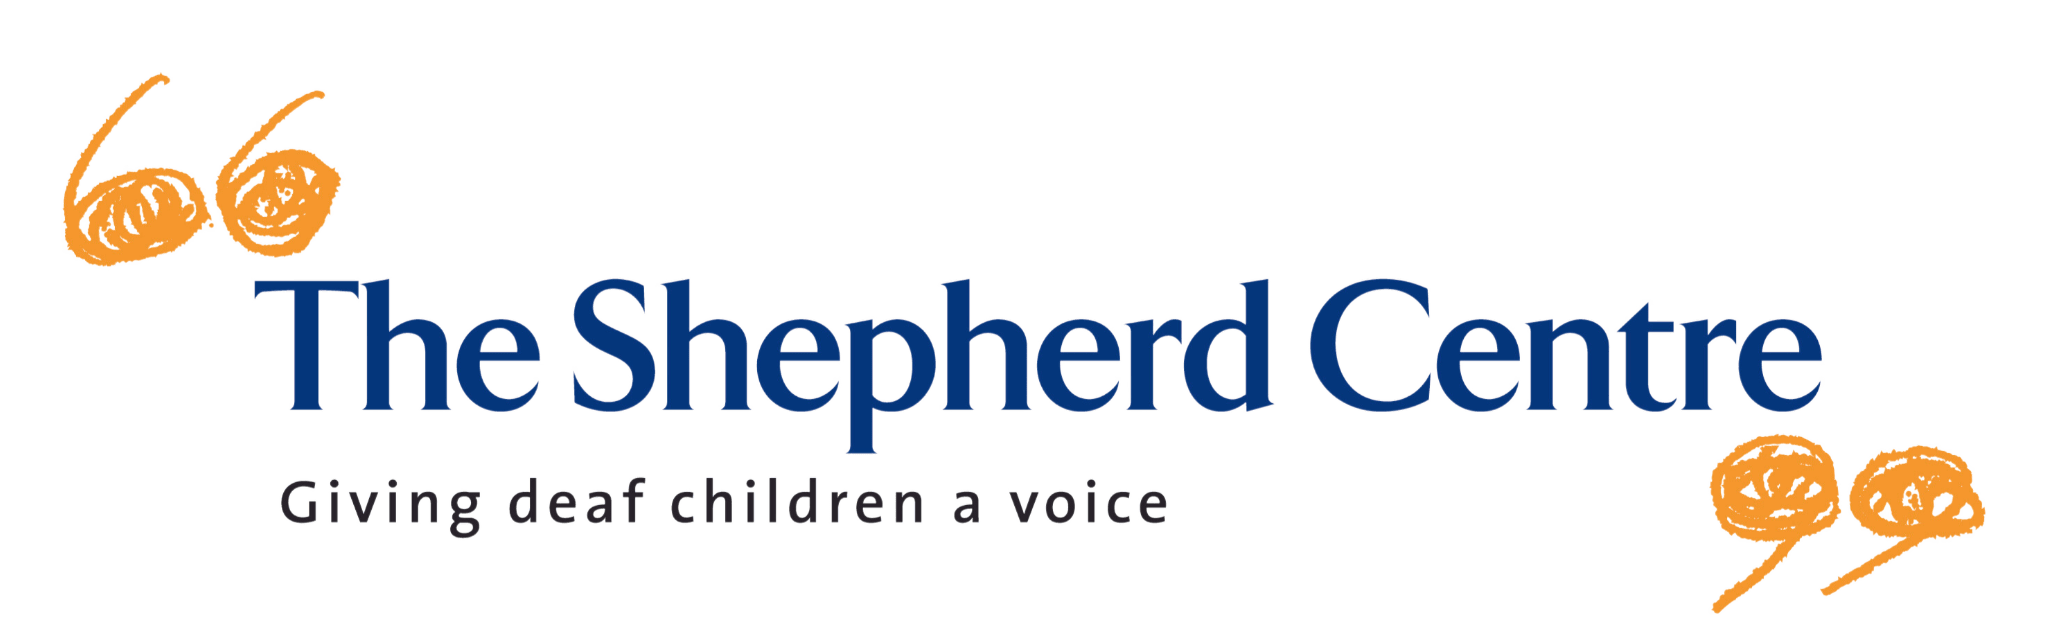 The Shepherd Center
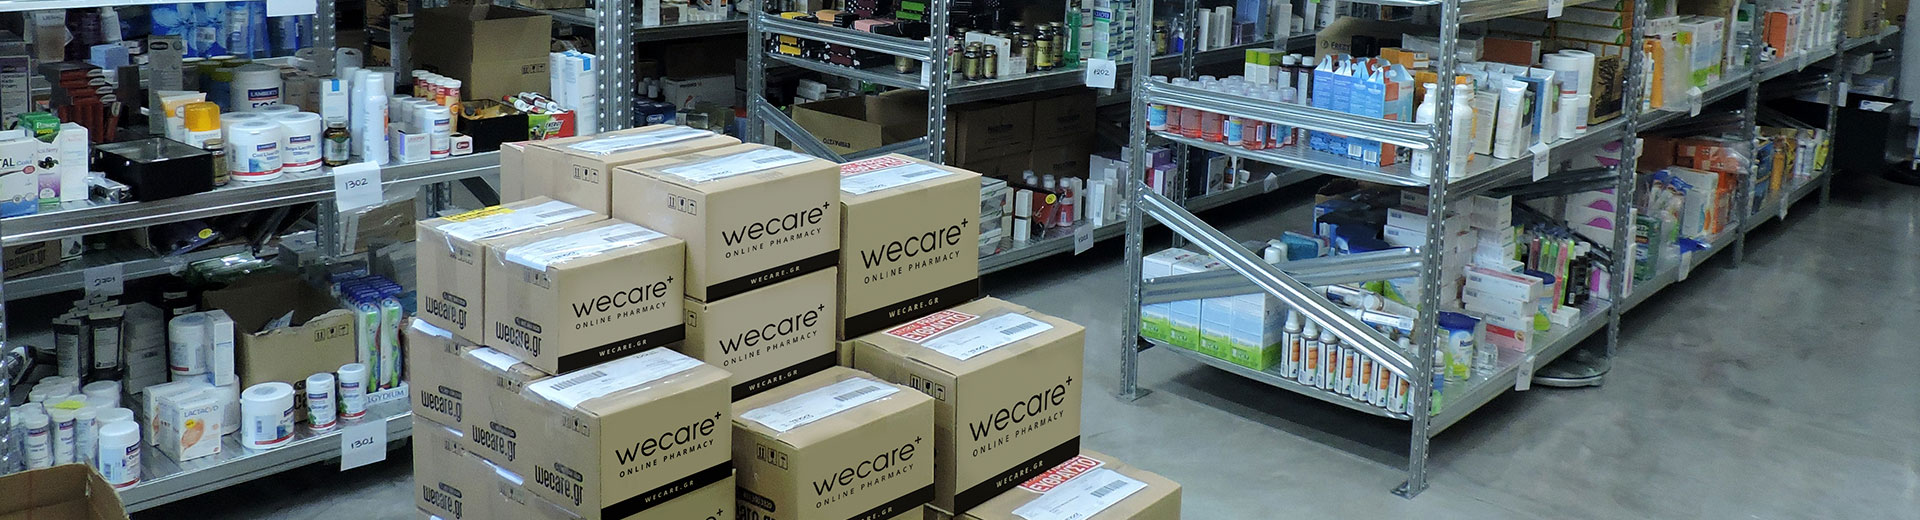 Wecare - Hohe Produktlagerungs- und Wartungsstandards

- - -

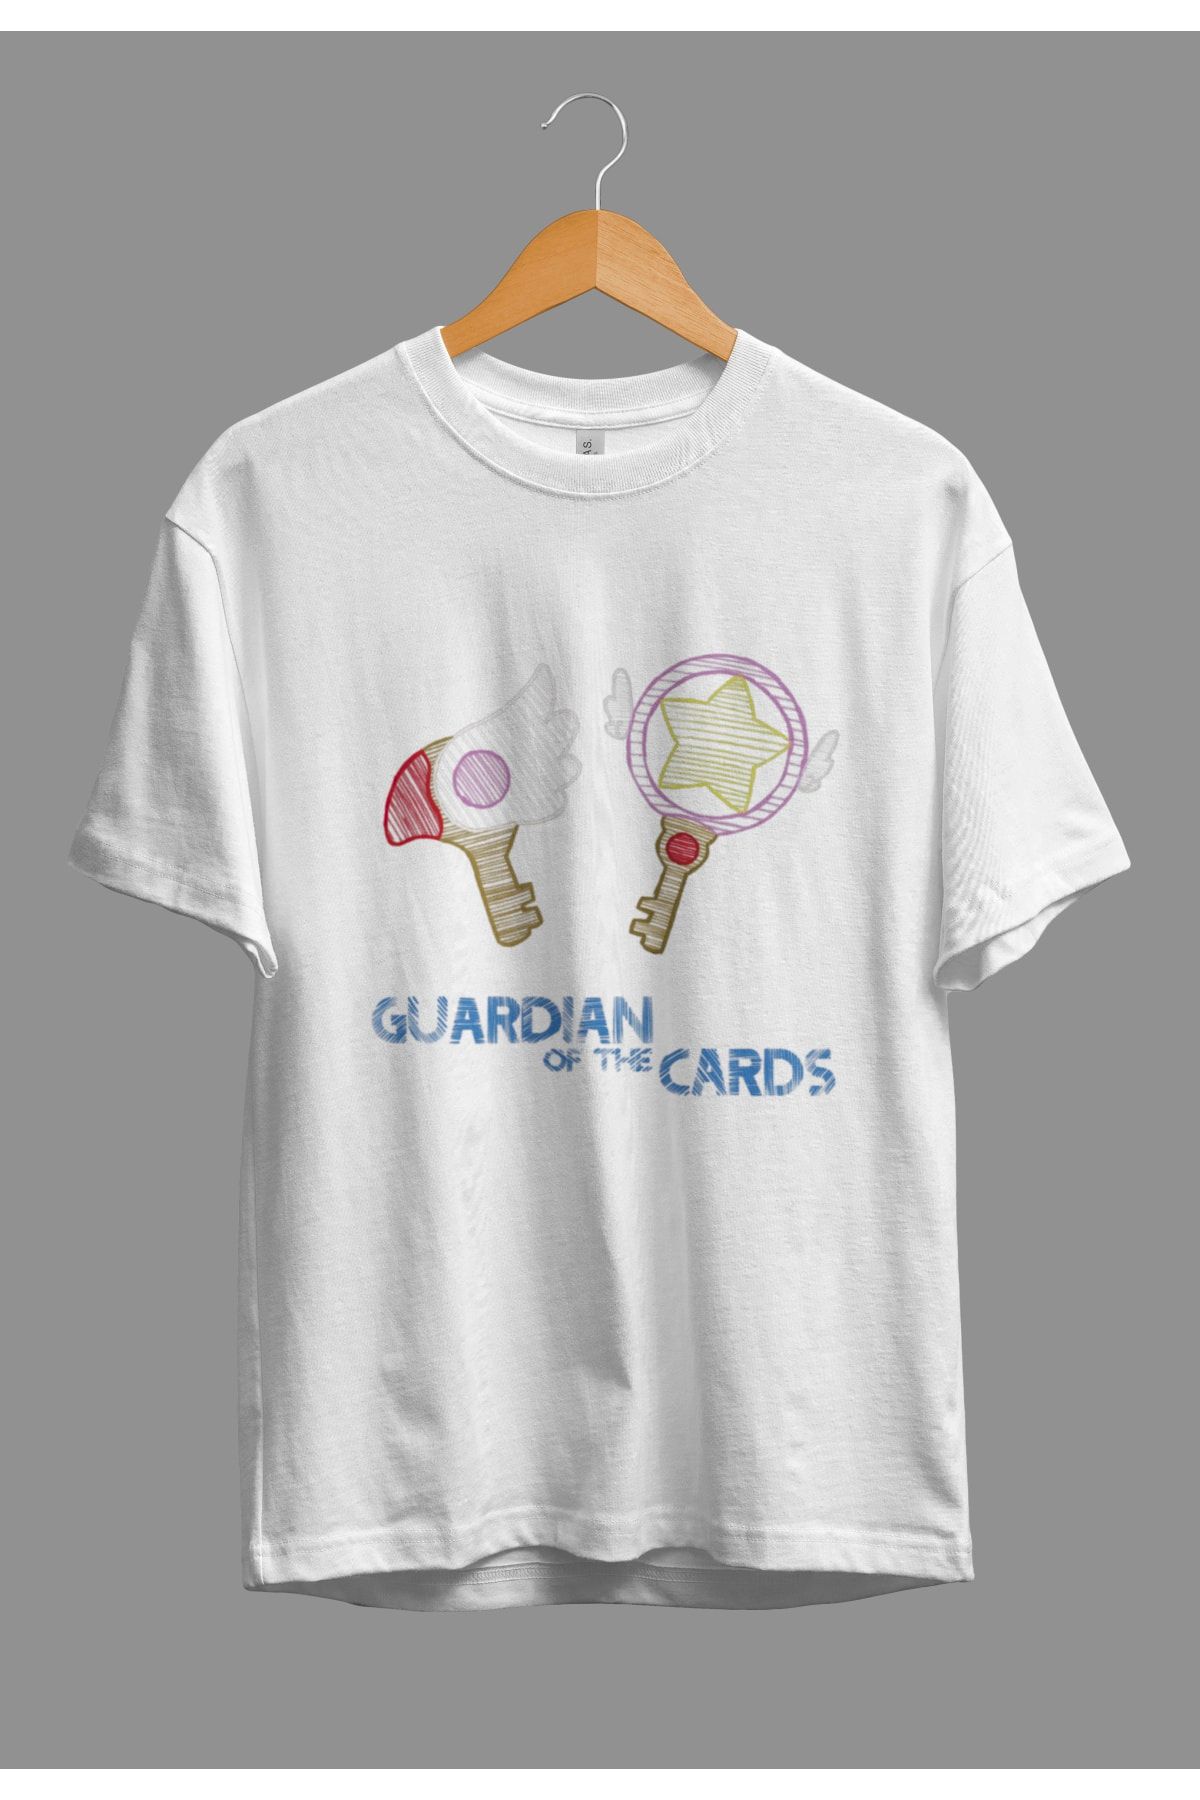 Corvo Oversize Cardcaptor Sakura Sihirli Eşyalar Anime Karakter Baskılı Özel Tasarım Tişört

- - -

* REQUIRED ACTION *
Within the listing above, the lines from the one with "The Shepherd Center" through the one with "Wecare - Hohe" are to be given again word for word. Do not include pictures.

* EXERCISE ANSWER *
 The Shepherd Center
 Wecare - Hohe Produktlagerungs- und Wartungsstandards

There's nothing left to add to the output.